Please give again, word for word, each line that falls between the line with "Features a chic" and the end of the data, inclusive.

**GIVEN DATA**
----------
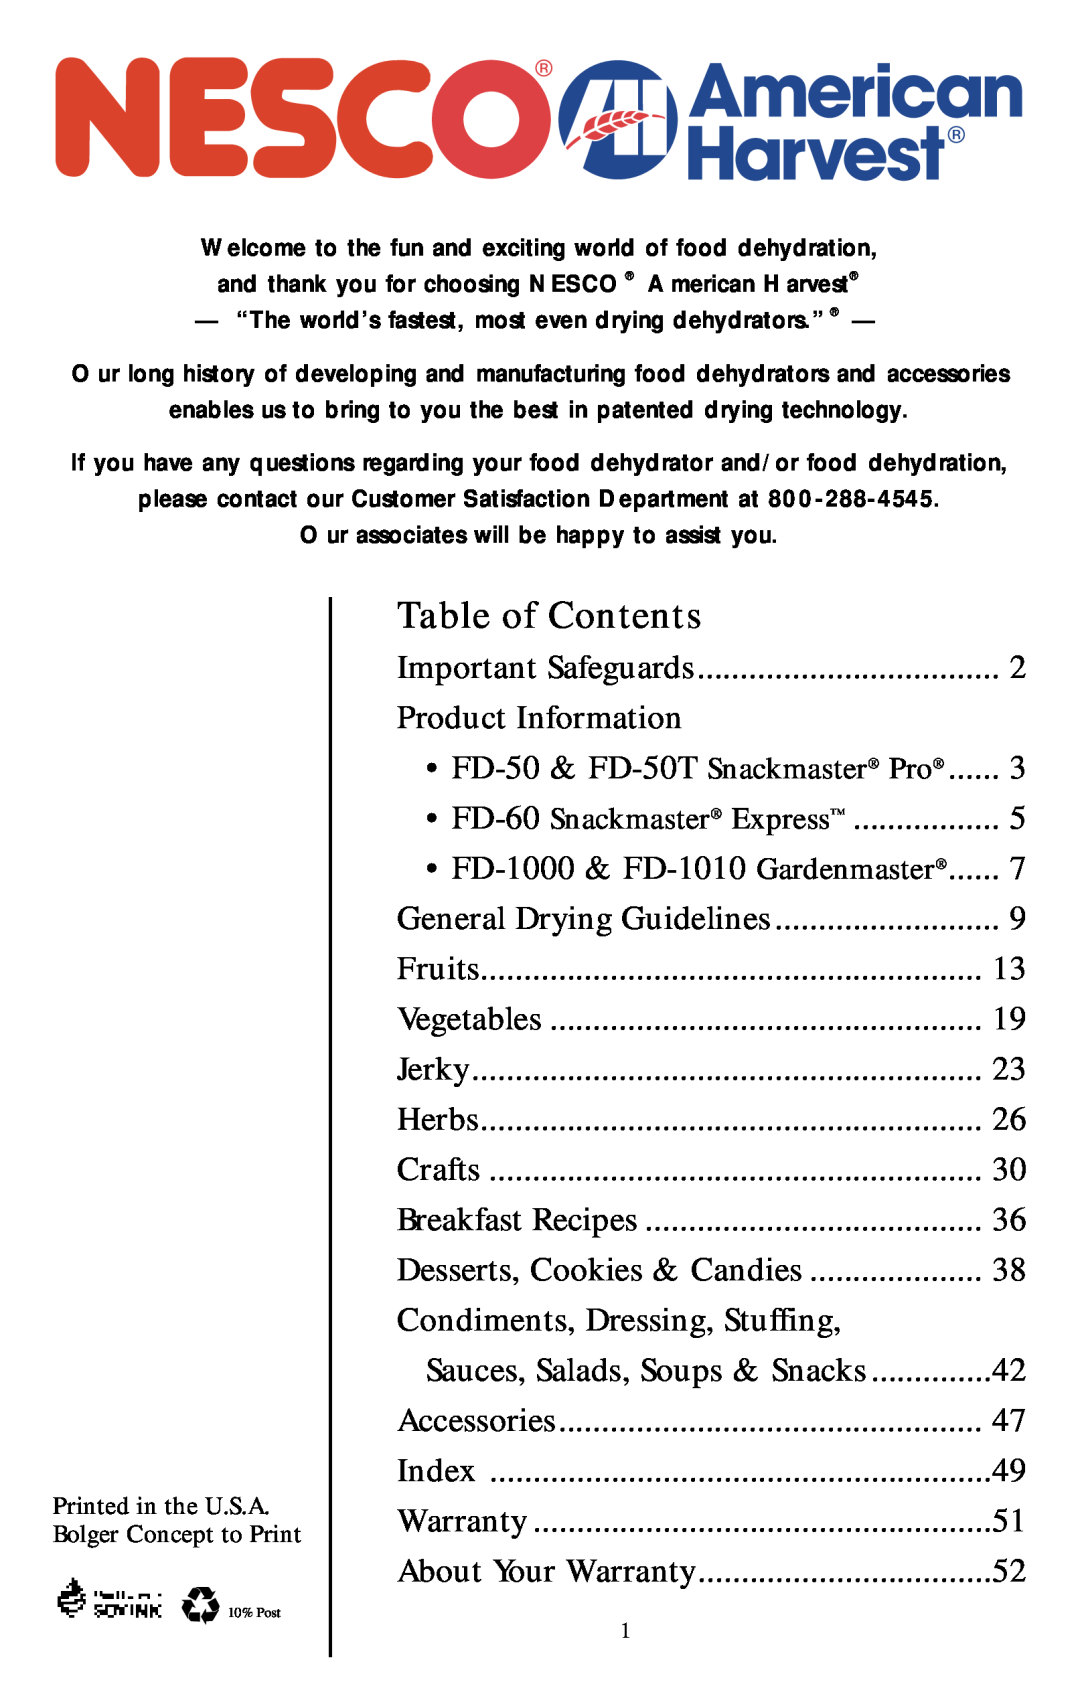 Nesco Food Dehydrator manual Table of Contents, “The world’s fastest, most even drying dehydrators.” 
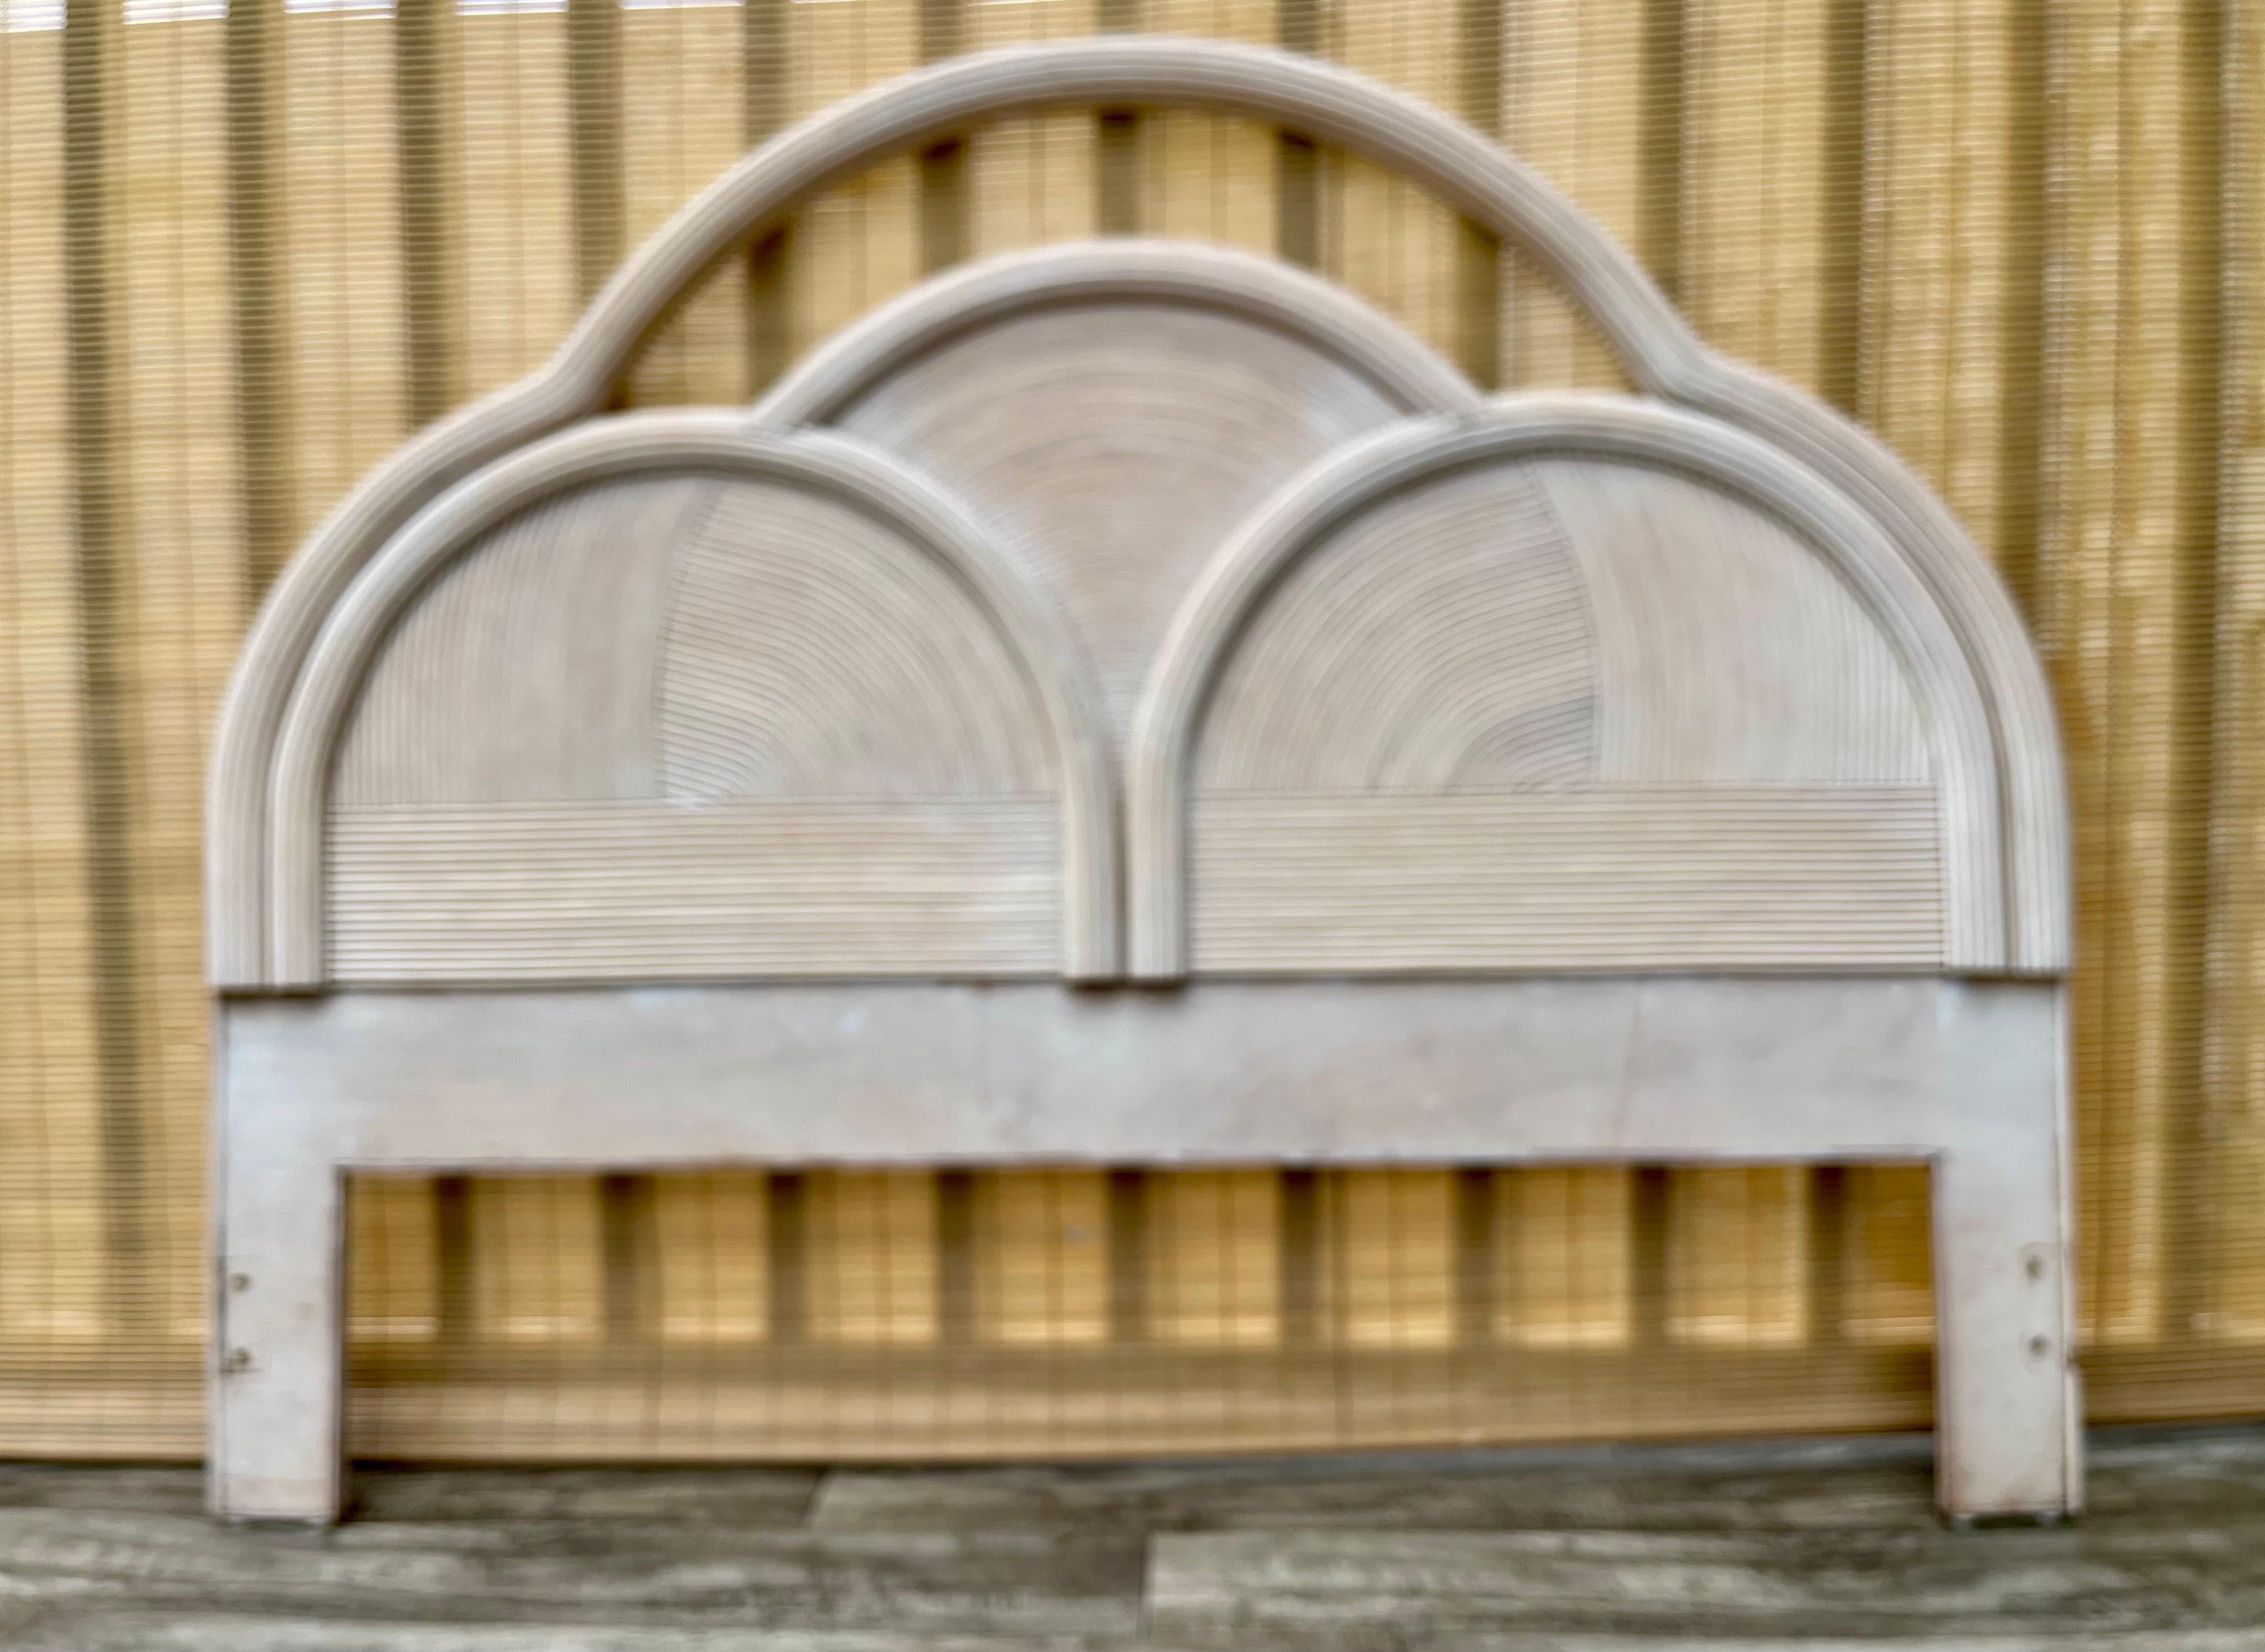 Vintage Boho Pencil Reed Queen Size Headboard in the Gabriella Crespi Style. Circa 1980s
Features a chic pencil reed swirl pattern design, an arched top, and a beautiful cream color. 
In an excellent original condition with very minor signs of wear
----------
**FINISHED EXERCISE**
Features a chic pencil reed swirl pattern design, an arched top, and a beautiful cream color. 
In an excellent original condition with very minor signs of wear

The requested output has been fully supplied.